AIM OF THE TASK: A verbatim copy of all the data is required; the pictures should not appear in it.

INPUT DATA:
-=-=-=-=-

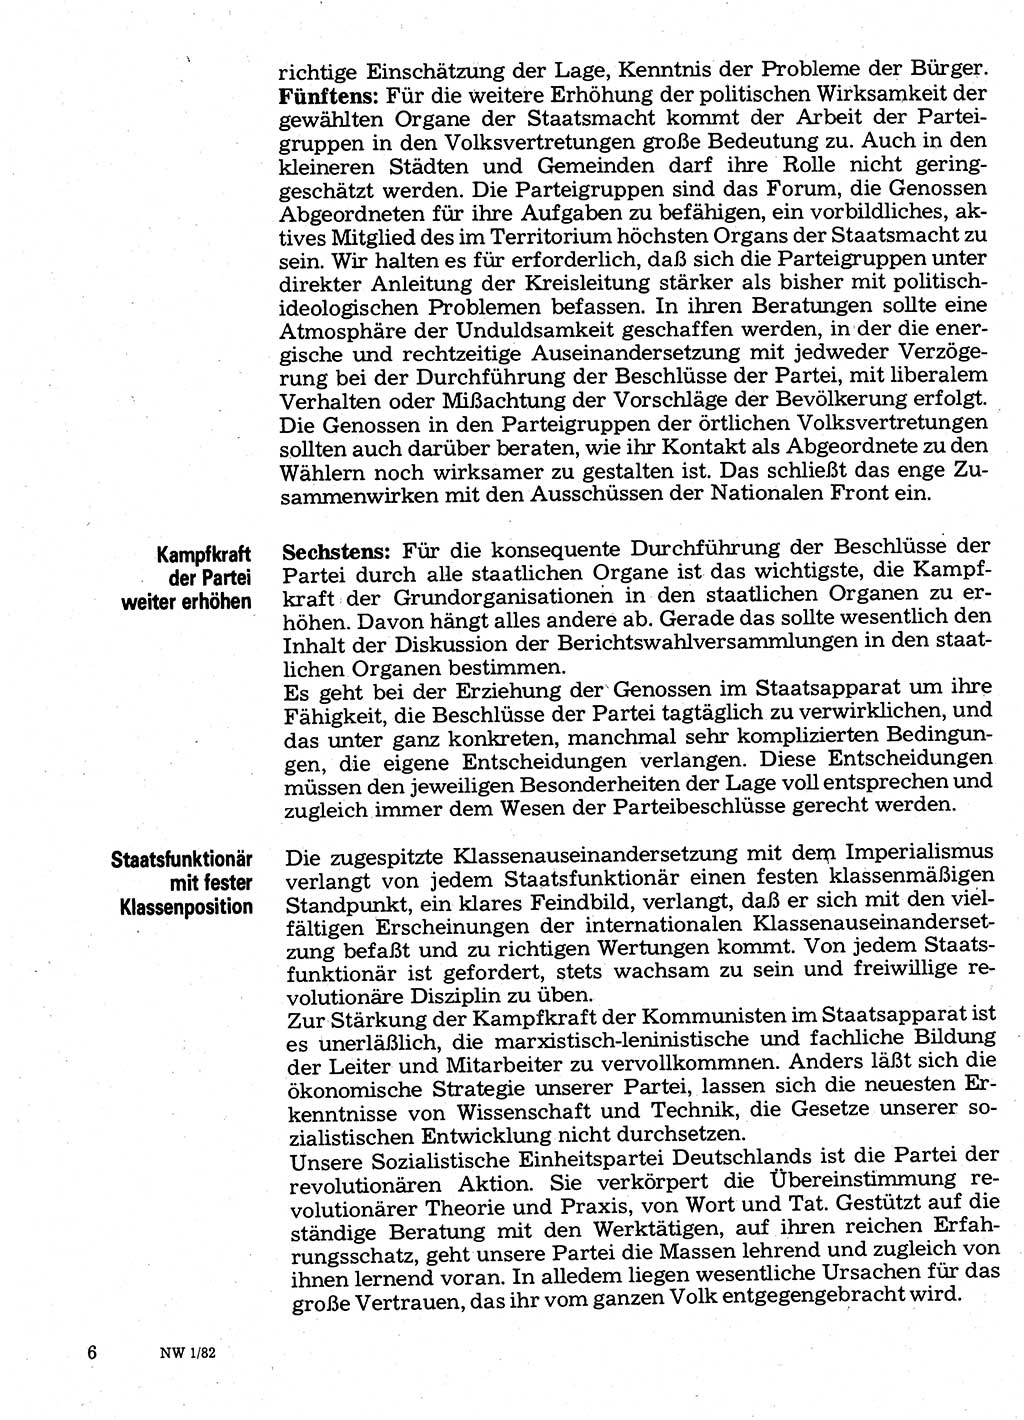 Neuer Weg (NW), Organ des Zentralkomitees (ZK) der SED (Sozialistische Einheitspartei Deutschlands) für Fragen des Parteilebens, 37. Jahrgang [Deutsche Demokratische Republik (DDR)] 1982, Seite 6 (NW ZK SED DDR 1982, S. 6)
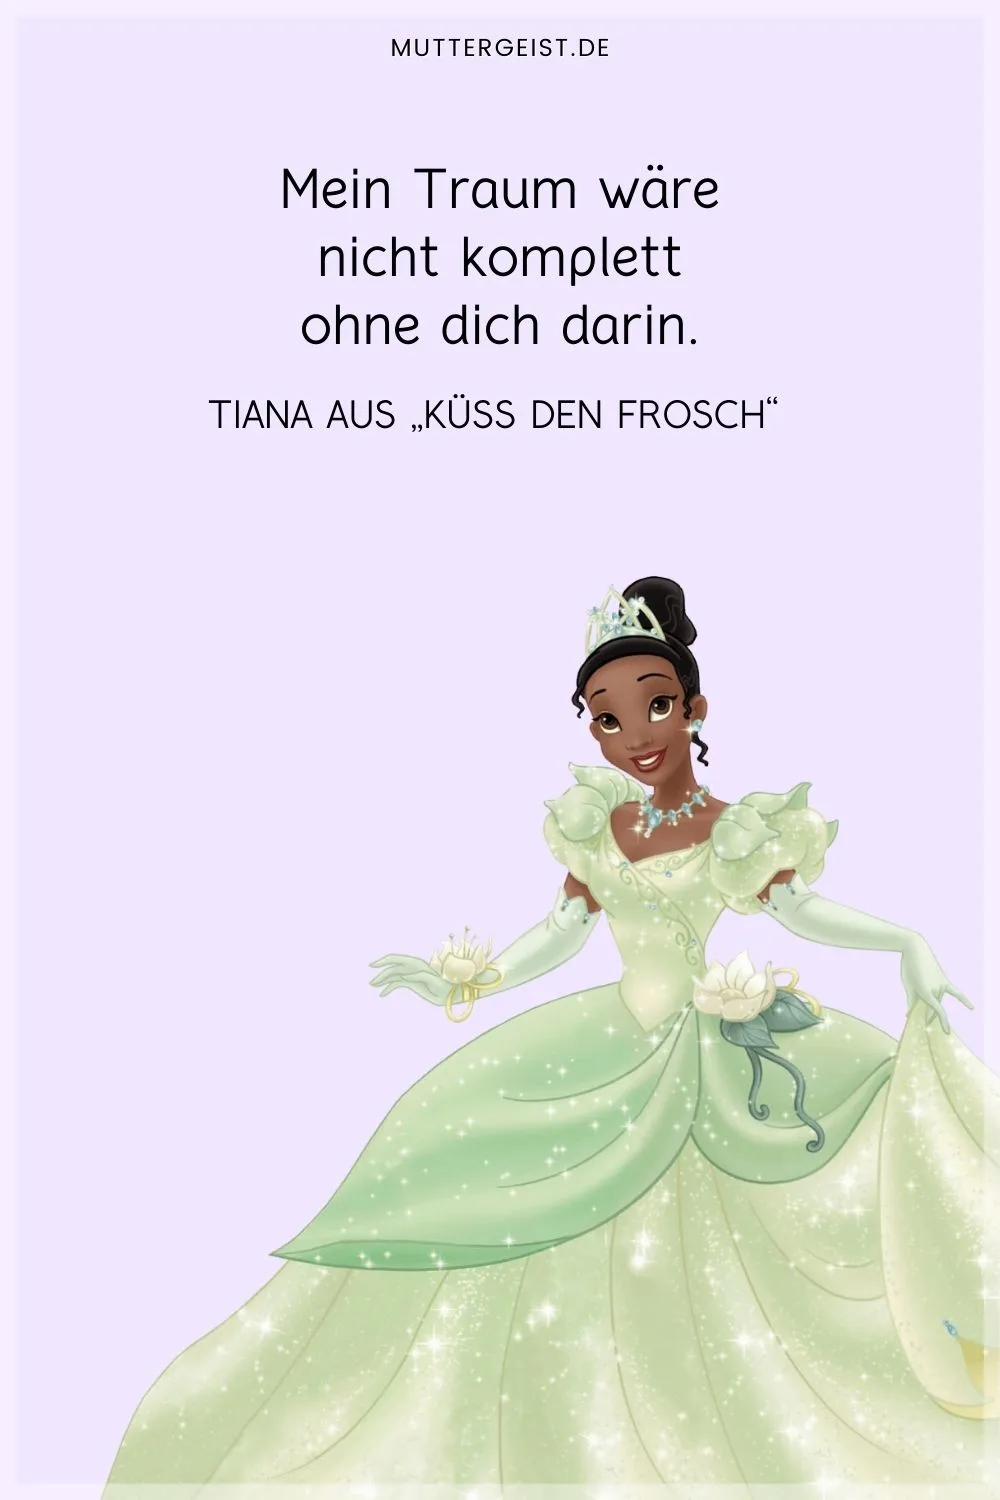 Tianas Zitat aus Disneys Film Die Prinzessin und der Frosch
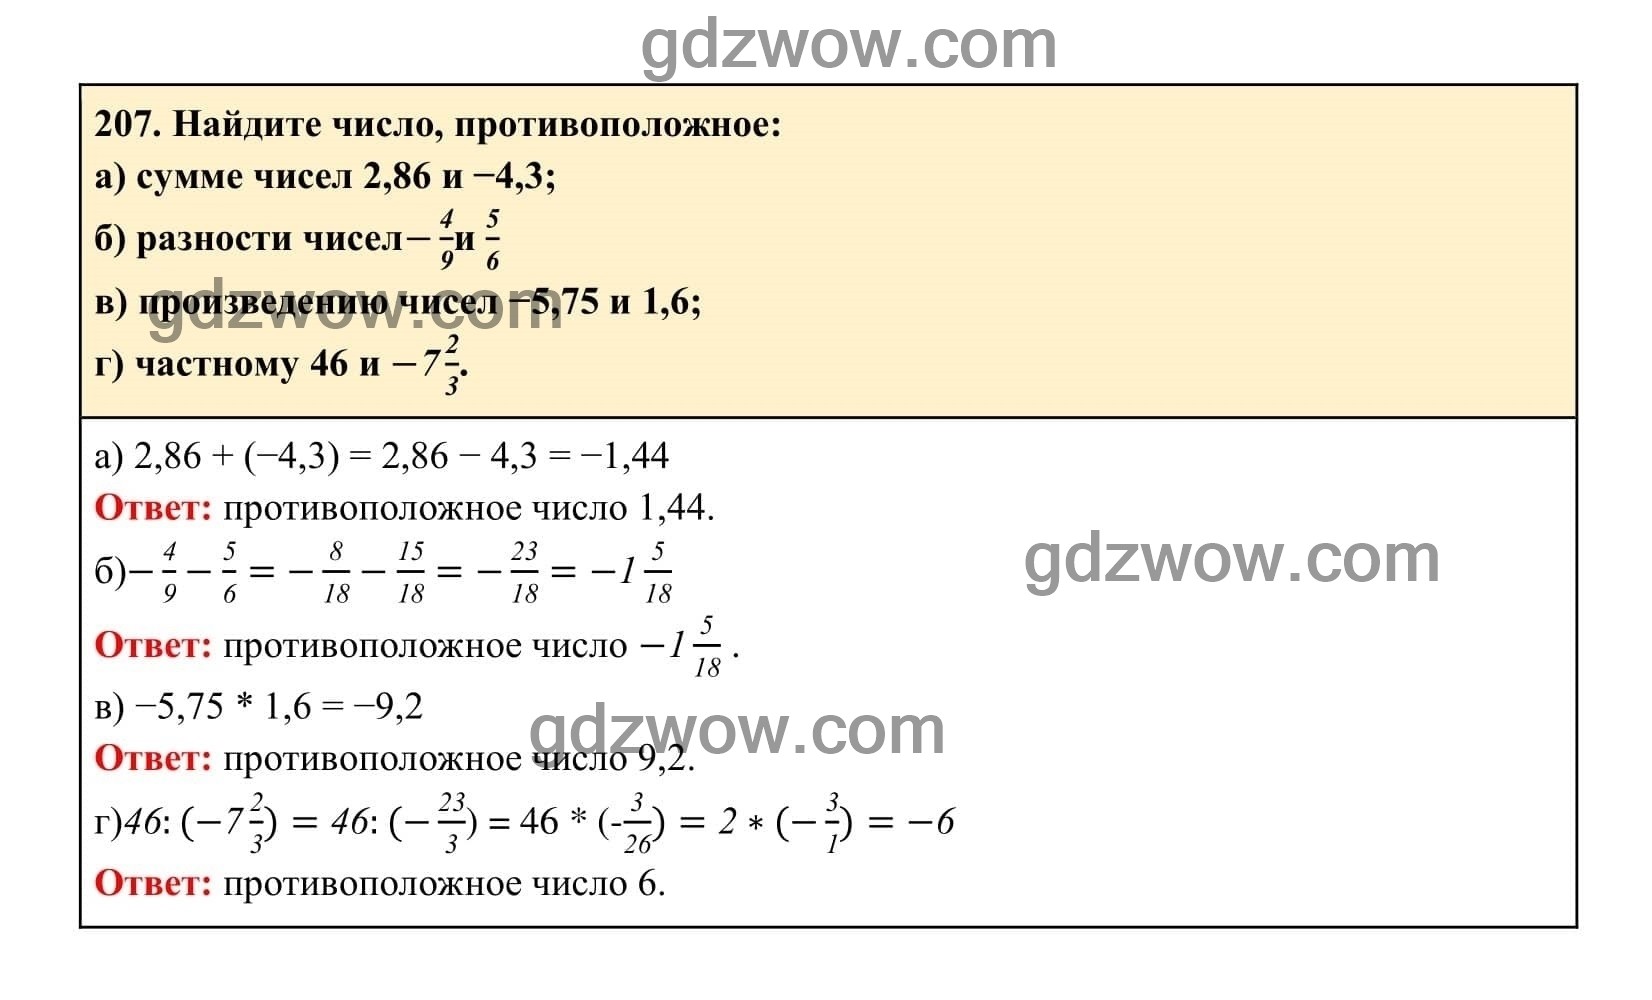 Упражнение 207 - ГДЗ по Алгебре 7 класс Учебник Макарычев (решебник) - GDZwow

-=-=-=-=-

PROBLEM SOLUTION:
 Neuer Weg (NW), Organ des Zentralkomitees (ZK) der SED (Sozialistische Einheitspartei Deutschlands) für Fragen des Parteilebens, 37. Jahrgang [Deutsche Demokratische Republik (DDR)] 1982, Seite 6 (NW ZK SED DDR 1982, S. 6)
 Tianas Zitat aus Disneys Film Die Prinzessin und der Frosch
 Упражнение 207 - ГДЗ по Алгебре 7 класс Учебник Макарычев (решебник) - GDZwow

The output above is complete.